For examples of how to use these functions in your queries, see these sections of the Timescale documentation:

- [Additional approx_percentile() documentation](https://github.com/timescale/timescaledb-toolkit/blob/main/docs/percentile_approximation.md)
- [Info on aggregation and accessor functions](https://www.timescale.com/blog/how-postgresql-aggregation-works-and-how-it-inspired-our-hyperfunctions-design-2/)
- [Advanced percentile aggregation](https://docs.timescale.com/api/latest/hyperfunctions/percentile-approximation/percentile-aggregation-methods/#advanced-percentile-aggregation)
- [Percentile approximation advanced aggregation methods](https://docs.timescale.com/timescaledb/latest/how-to-guides/hyperfunctions/percentile-approx/advanced-agg/#main-content)
- [Percentile approximation](https://www.timescale.com/blog/how-percentile-approximation-works-and-why-its-more-useful-than-averages/)



## PostgreSQL Percentile Functions FAQ

**Q: What is the difference between **`**percentile_cont()**`** and **`**percentile_disc()**`** functions in PostgreSQL?**

A: The `percentile_cont()` function returns an interpolated value that may not exist in the original dataset, providing a more accurate statistical representation. In contrast, `percentile_disc()` returns an actual value from the dataset that is closest to the requested percentile. Both functions are used with `WITHIN GROUP` to specify the ordering of values.

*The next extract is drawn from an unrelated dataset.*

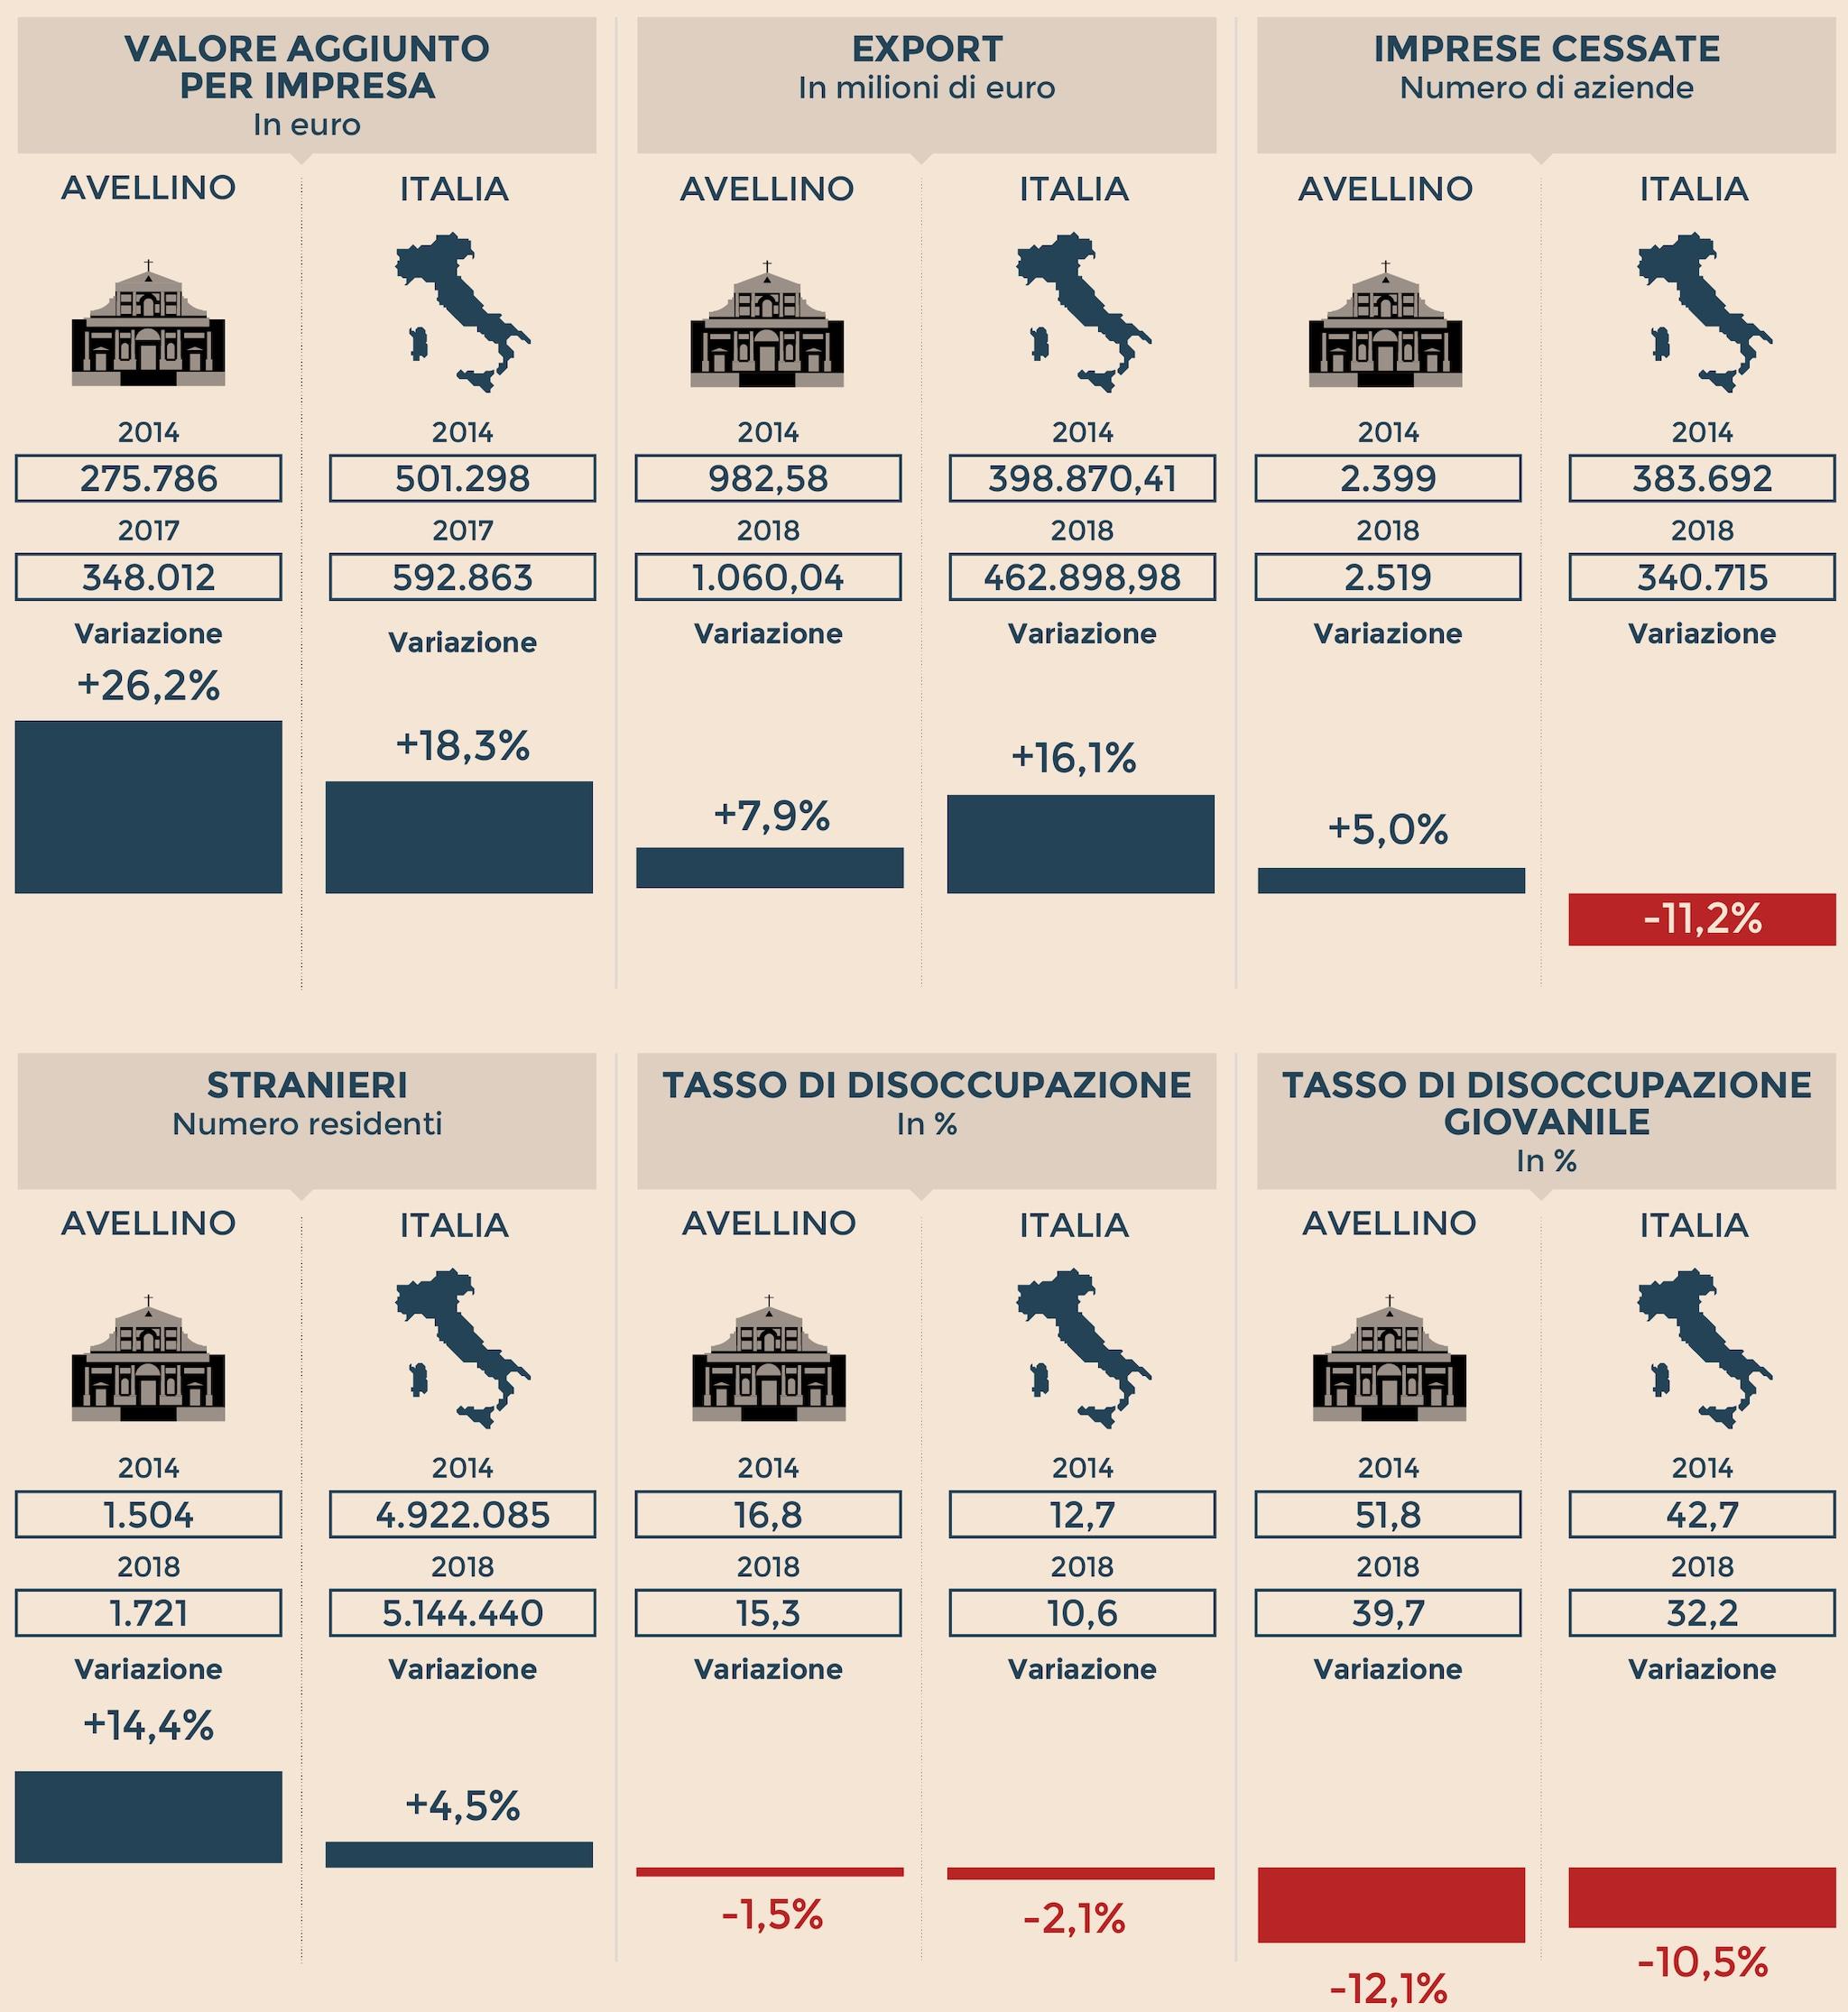 L'IDENTIKIT ECONOMICO DI AVELLINO

**Q: How do I calculate the median (50th percentile) of a dataset in PostgreSQL?**

A: You can calculate the median using either percentile function with 0.5 as the parameter. For example, S`ELECT percentile_cont(0.5) WITHIN GROUP (ORDER BY temperature) FROM city_data;` will return the interpolated median value, while `percentile_disc(0.5)` would return an actual value from the dataset.

**Q: Can I calculate multiple percentiles in a single query?**

A: Yes, you can calculate multiple percentiles in one query by using multiple percentile function calls. For example: `SELECT percentile_cont(0.25) WITHIN GROUP(ORDER BY humidity) AS p25, percentile_cont(0.5) WITHIN GROUP(ORDER BY humidity) AS p50, percentile_cont(0.75) WITHIN GROUP(ORDER BY humidity) AS p75 FROM conditions GROUP BY device_id;` will return the 25th, 50th, and 75th percentiles.

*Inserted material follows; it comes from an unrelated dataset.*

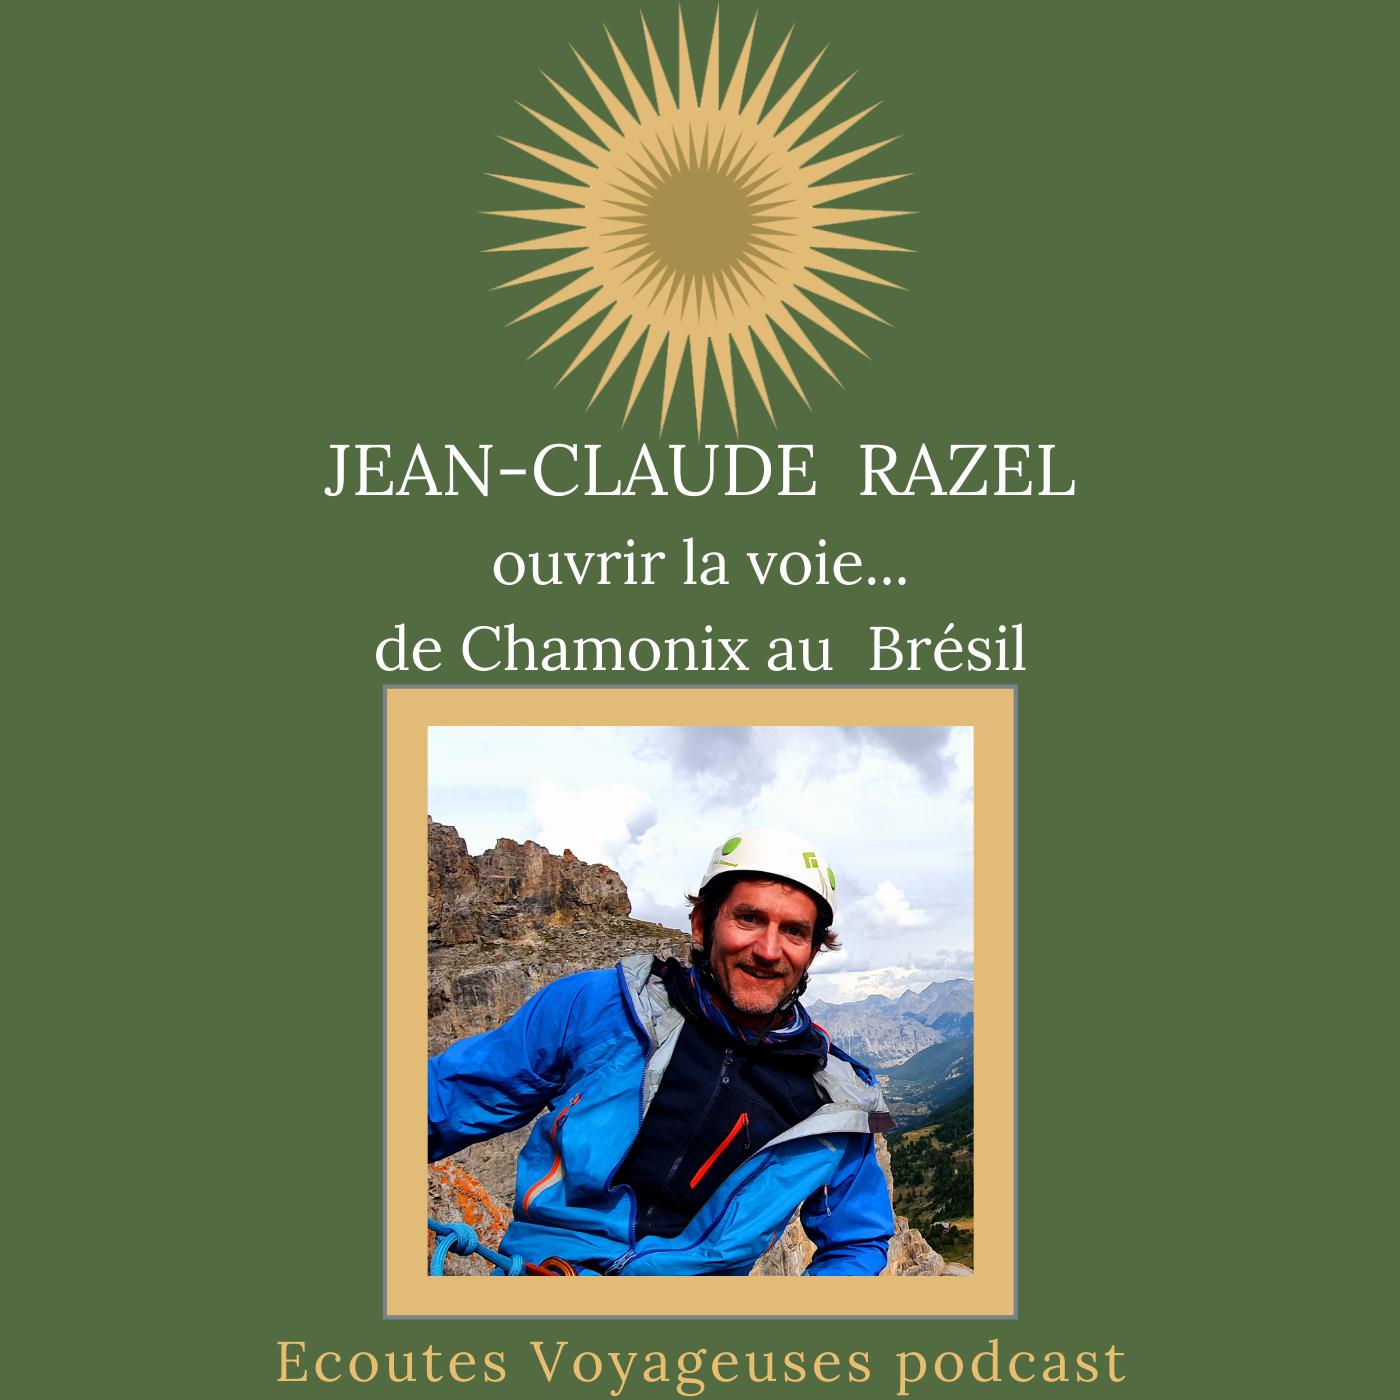 Jean-Claude Razel, ouvrir la voie...de Chamonix au Brésil

**Q: How can I calculate percentiles by group in PostgreSQL?**

A: You can calculate percentiles for each group by adding a `GROUP BY` clause to your query. For example, `SELECT city, percentile_cont(0.5) WITHIN GROUP (ORDER BY temperature) FROM city_data GROUP BY city;` will return the median temperature for each city in the dataset.

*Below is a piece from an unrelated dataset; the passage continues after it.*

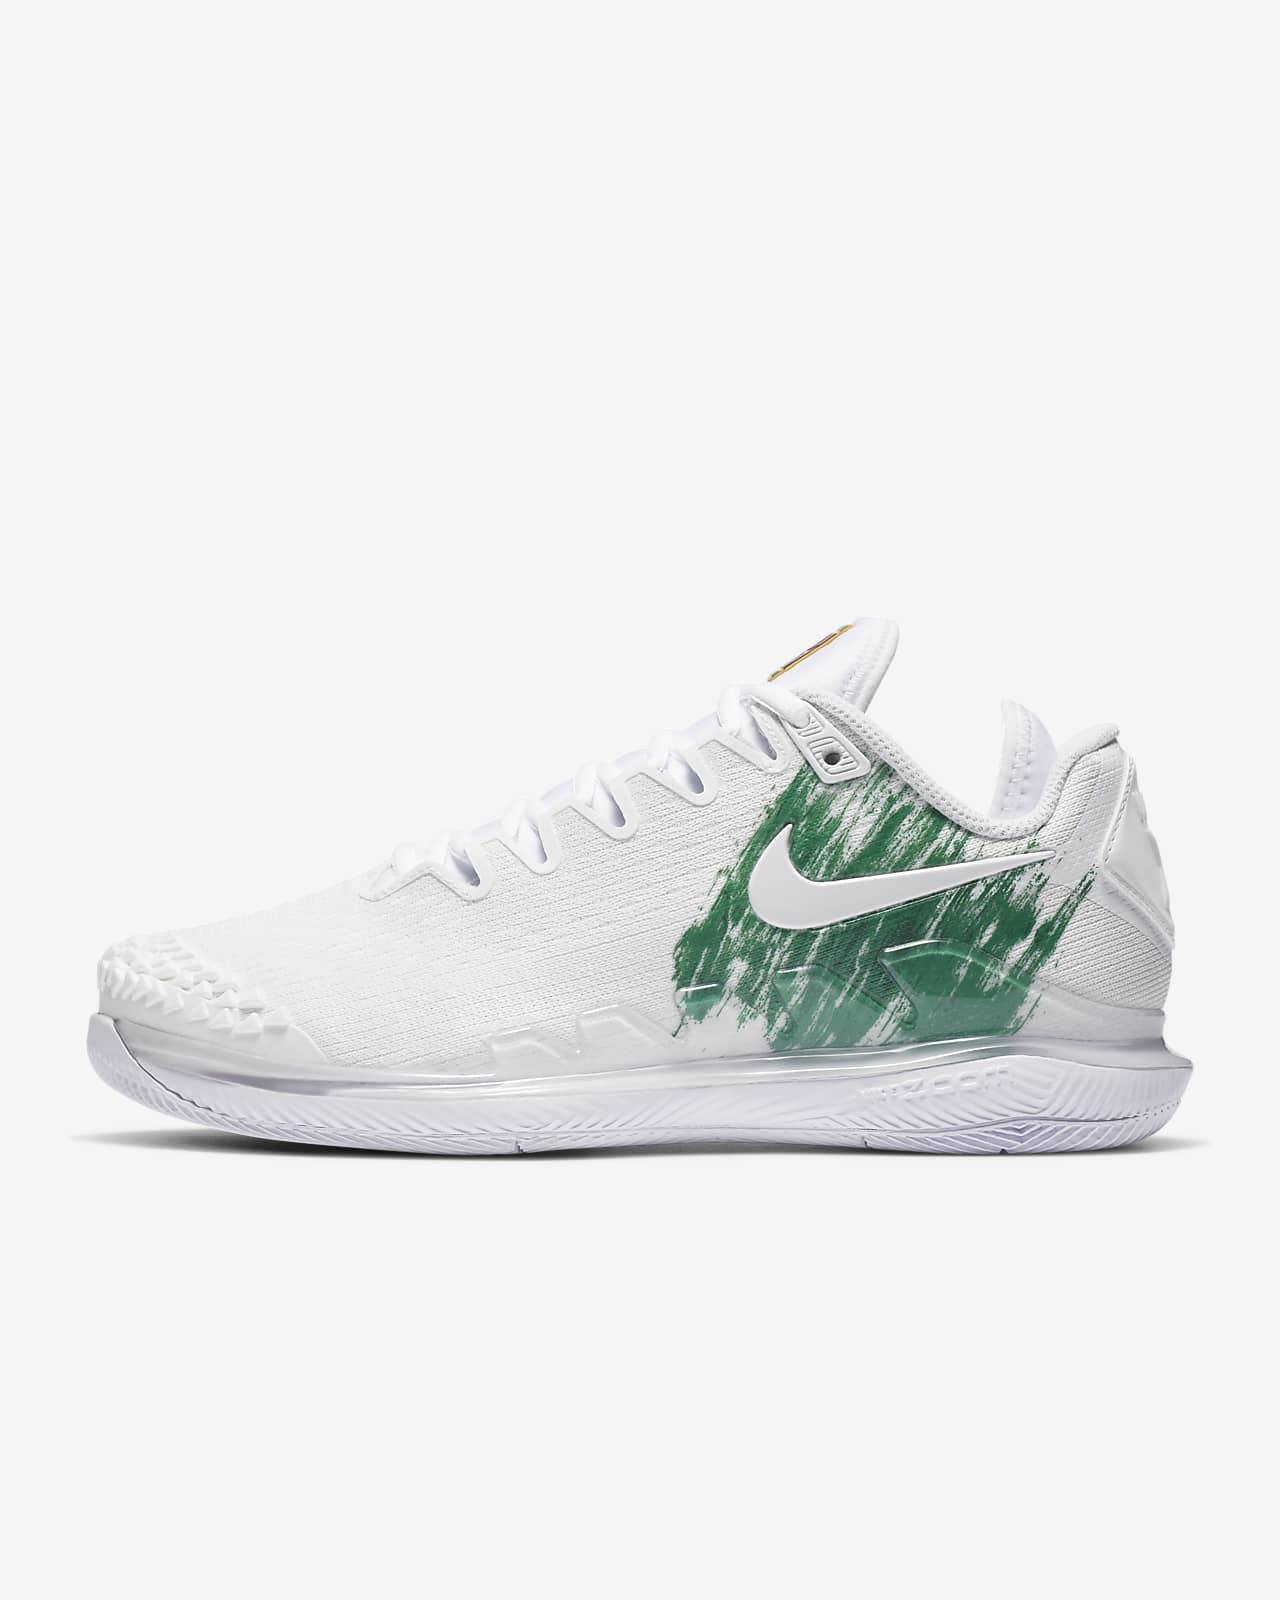 NikeCourt Air Zoom Vapor X Knit Zapatillas de tenis de pista rápida - Mujer

**Q: What is the **`**approx_percentile()**`** function in Timescale, and when should I use it?**

A: The `approx_percentile()` function is a Timescale hyperfunction that approximates percentiles using the UDDSketch algorithm, which is much more efficient for large datasets. You should use it when exact precision isn't required, but performance is important, especially with time-series data, as it requires less memory and computational resources than PostgreSQL's native percentile functions.